*** SUPPLIED INFORMATION Section Begins ***

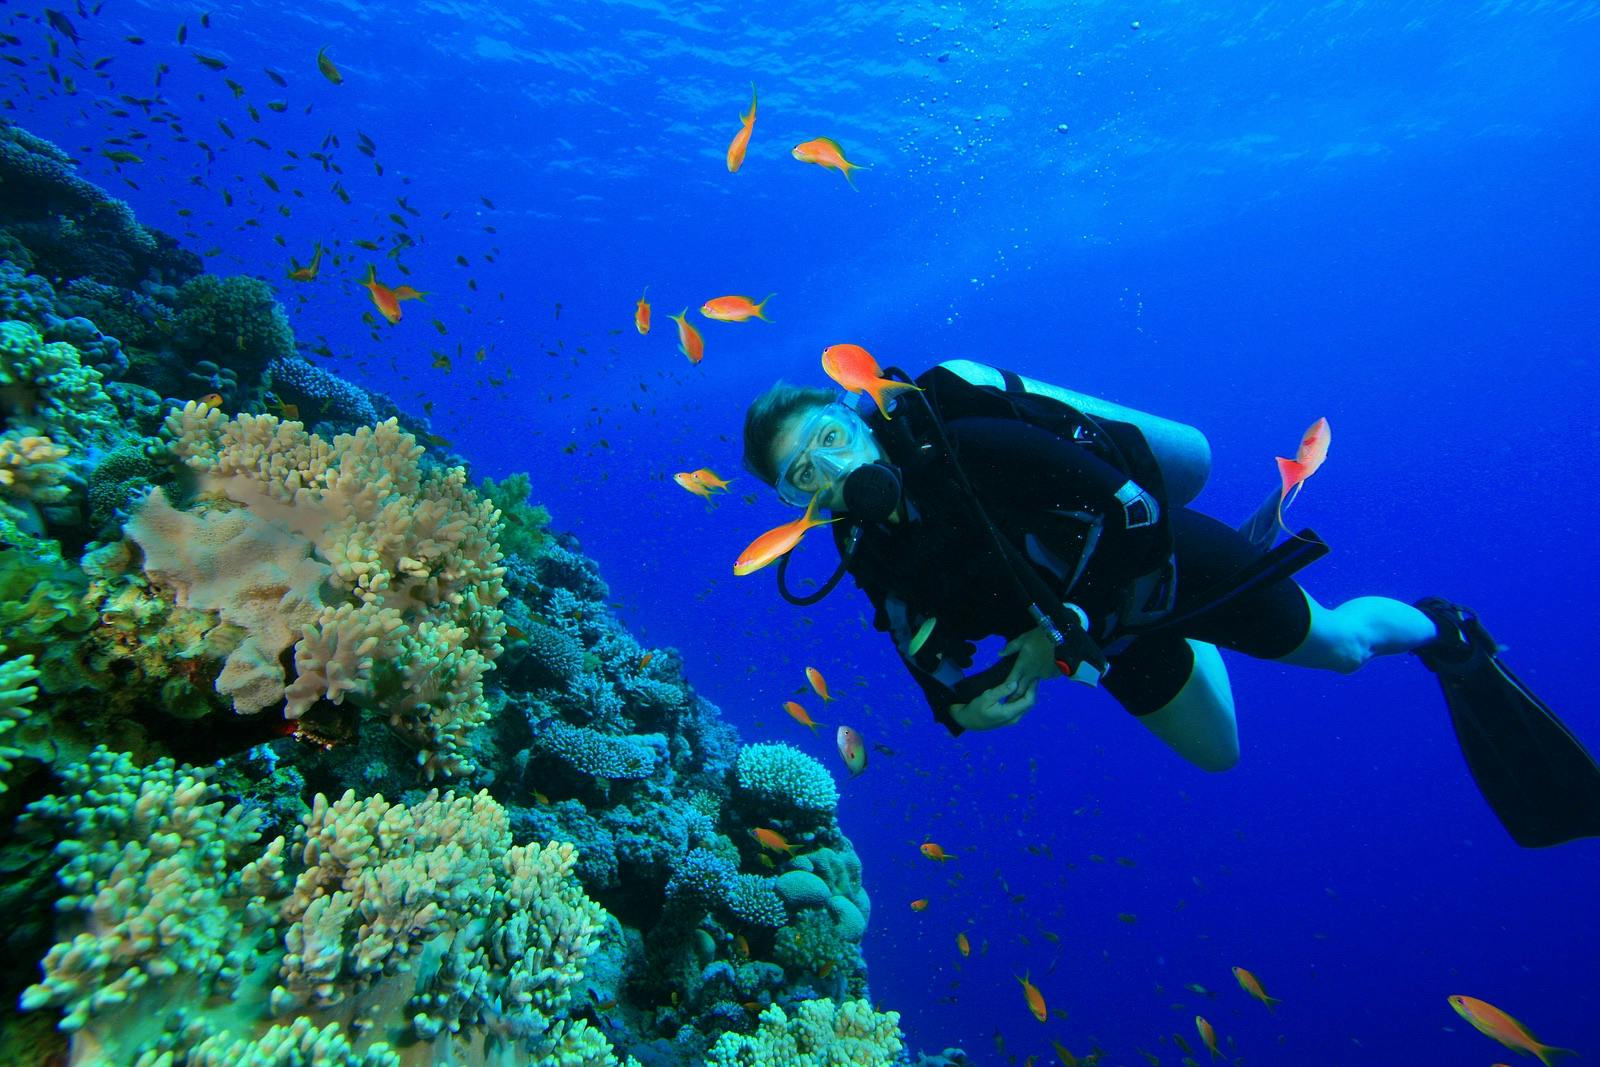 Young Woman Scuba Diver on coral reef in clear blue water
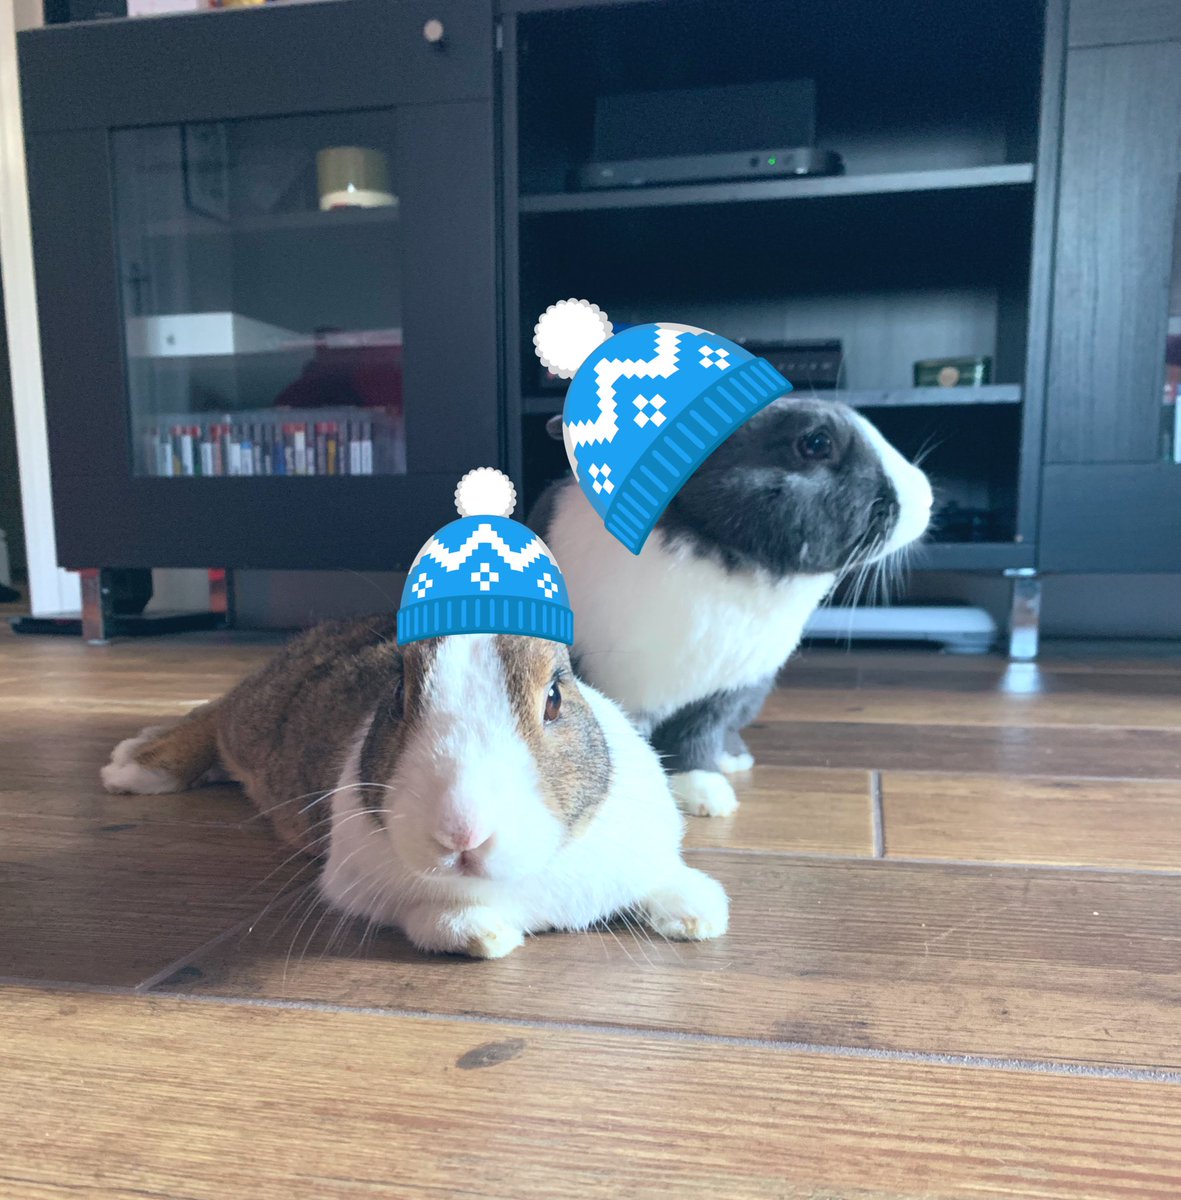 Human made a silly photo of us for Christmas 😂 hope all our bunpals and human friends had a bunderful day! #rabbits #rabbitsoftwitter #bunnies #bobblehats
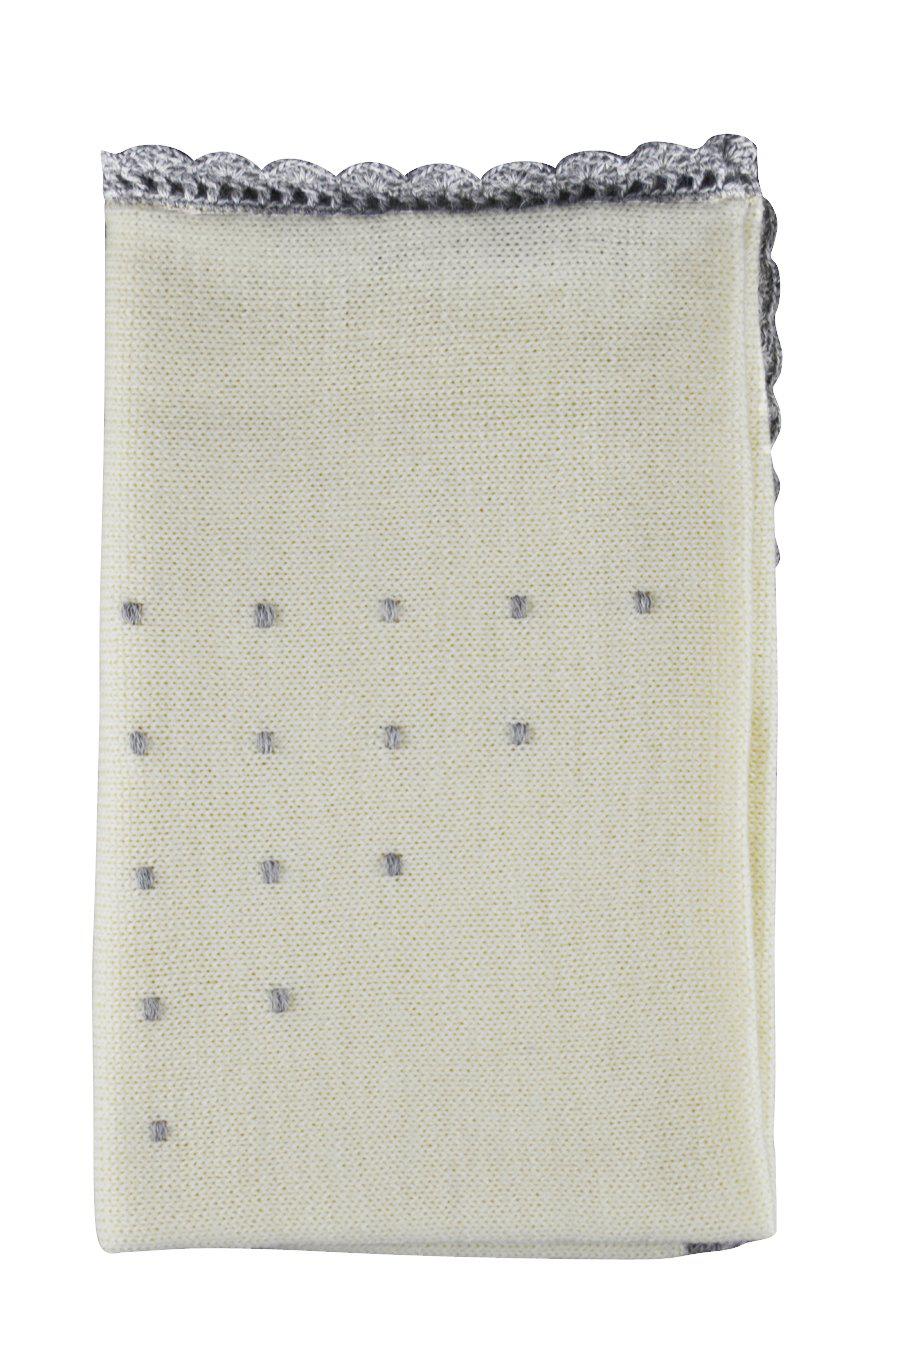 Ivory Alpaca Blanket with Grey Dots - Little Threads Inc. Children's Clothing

*** SUPPLIED INFORMATION Section Ends ***
*** SUPPLIED INFORMATION Section Begins ***

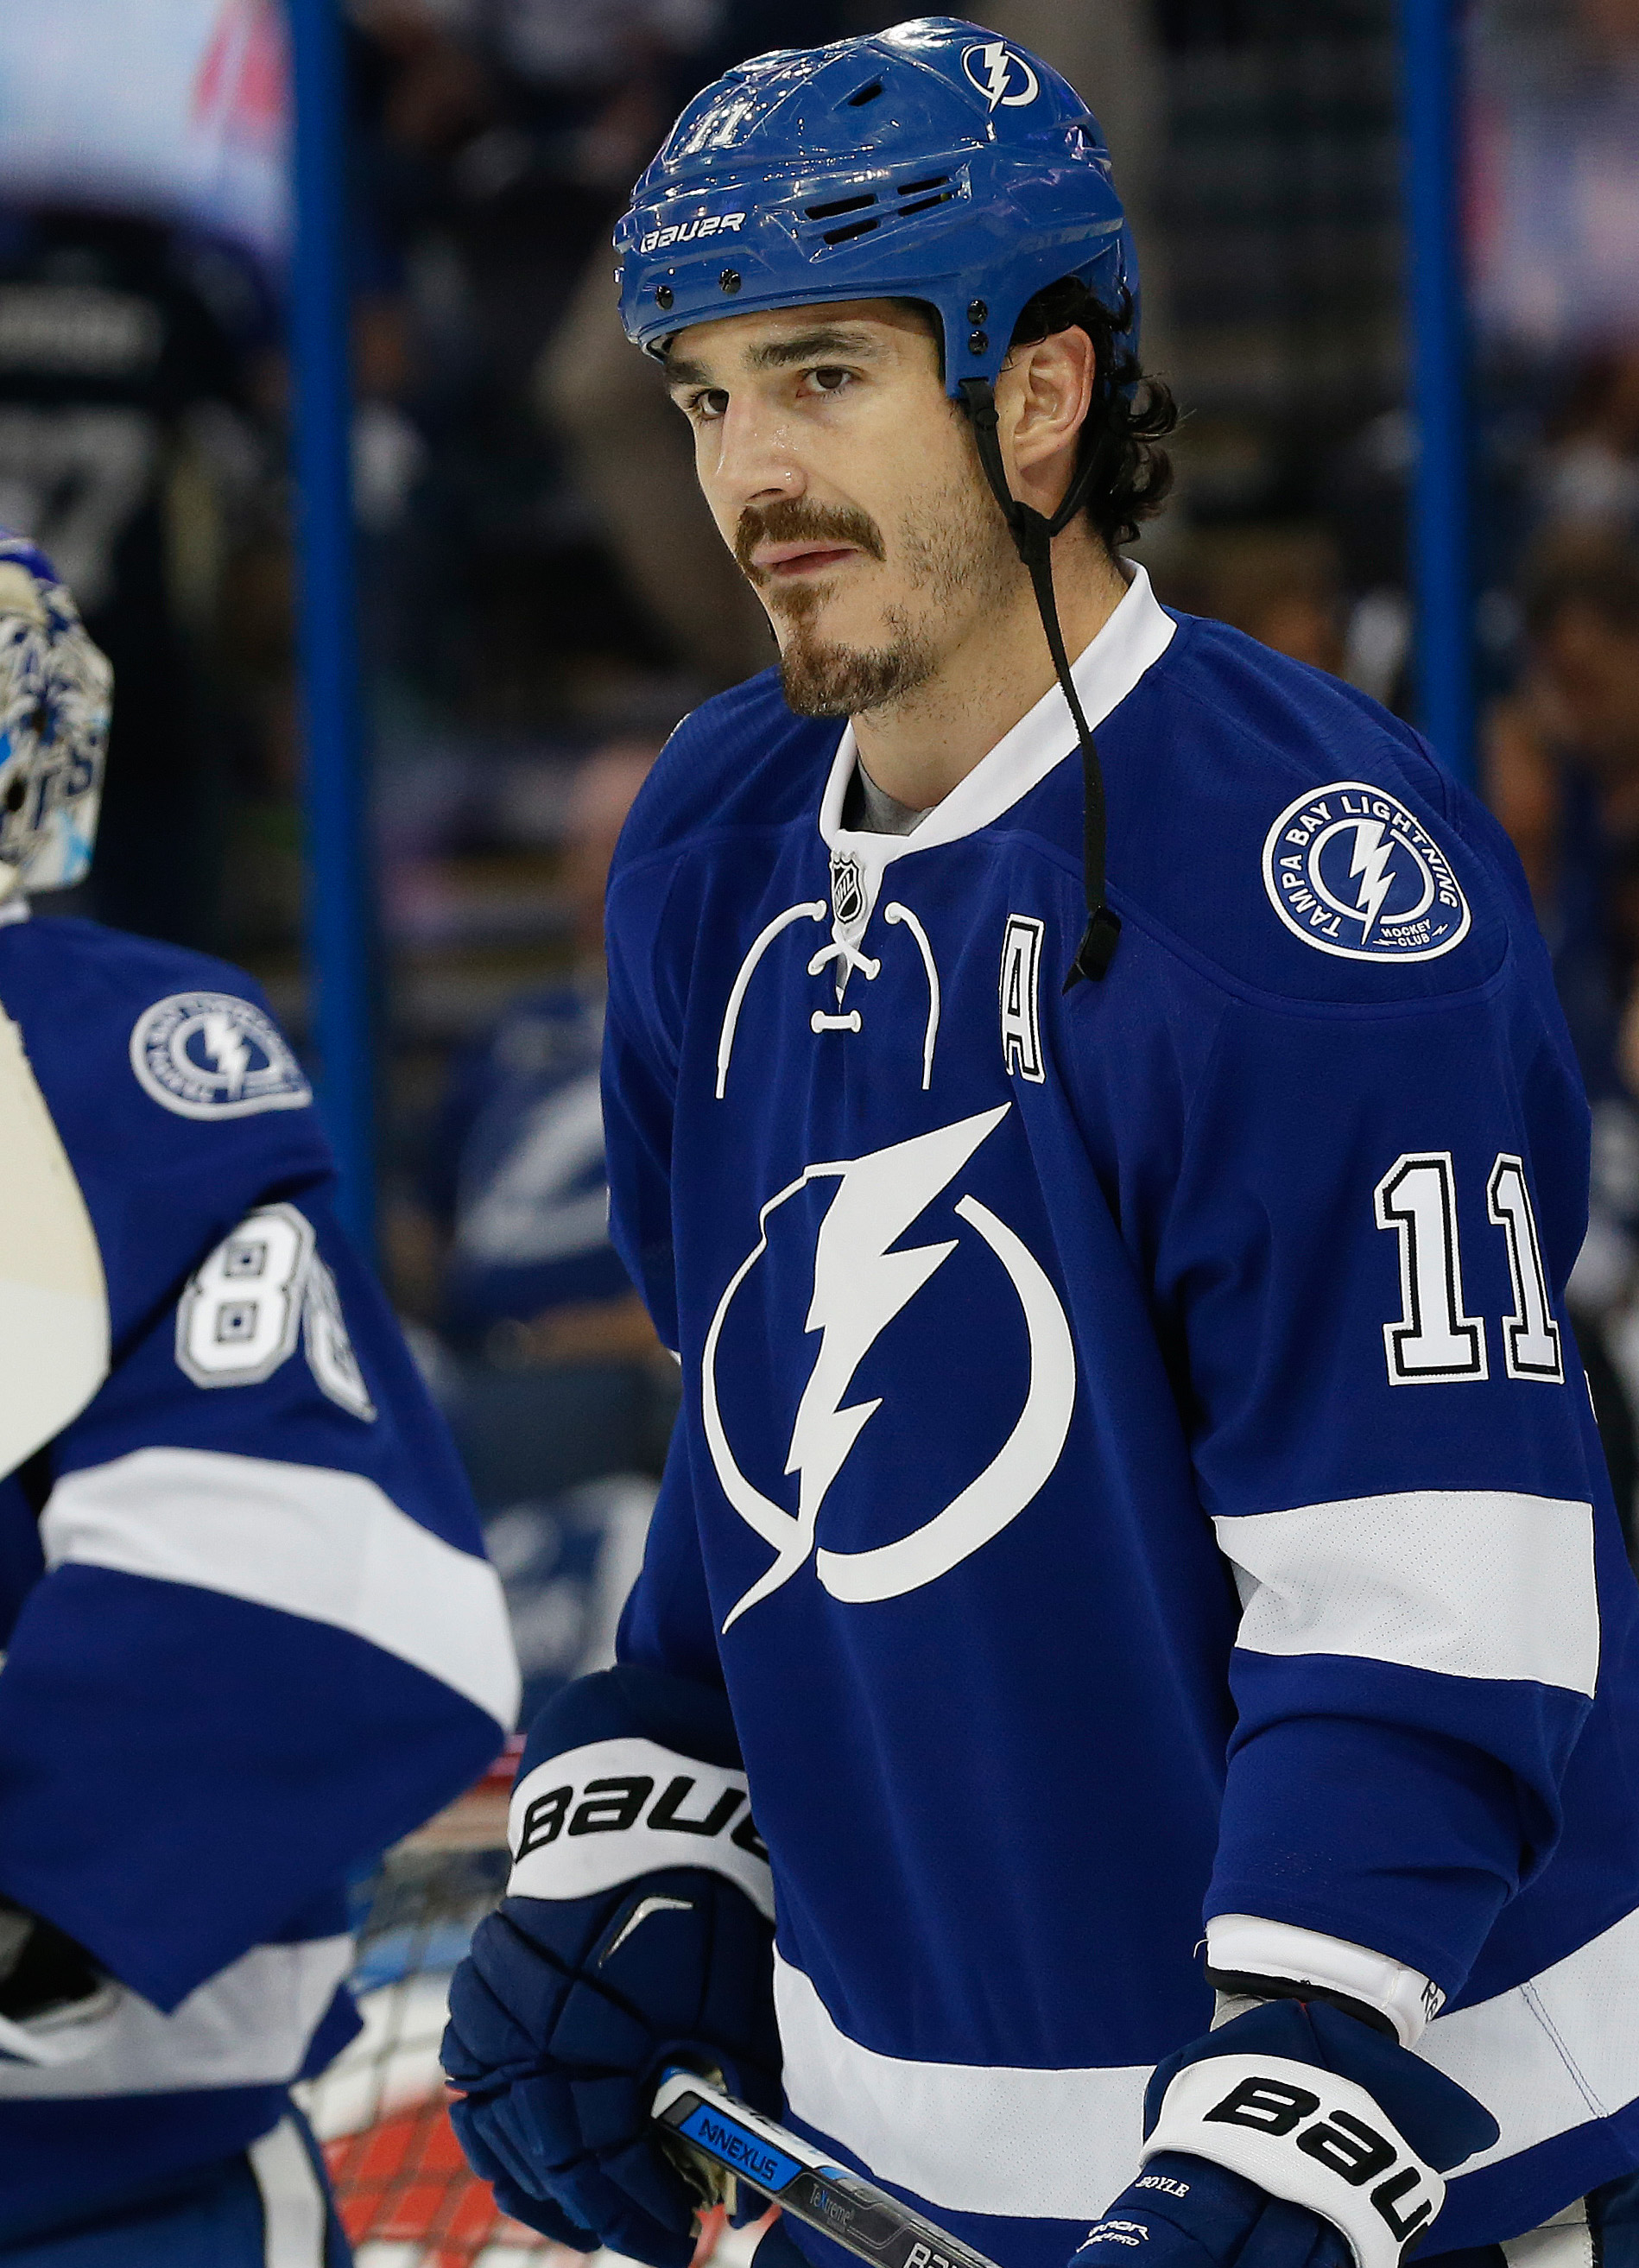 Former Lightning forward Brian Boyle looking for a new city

*** SUPPLIED INFORMATION Section Ends ***

§ PROBLEM DESCRIPTION:
Those lines of the records above that run from the one containing "Young Woman Scuba" through the one containing "Ivory Alpaca Blanket" should be returned exactly, with no pictures among them.

§ WRITTEN ANSWER:
 Young Woman Scuba Diver on coral reef in clear blue water
 Human made a silly photo of us for Christmas 😂 hope all our bunpals and human friends had a bunderful day! #rabbits #rabbitsoftwitter #bunnies #bobblehats
 Ivory Alpaca Blanket with Grey Dots - Little Threads Inc. Children's Clothing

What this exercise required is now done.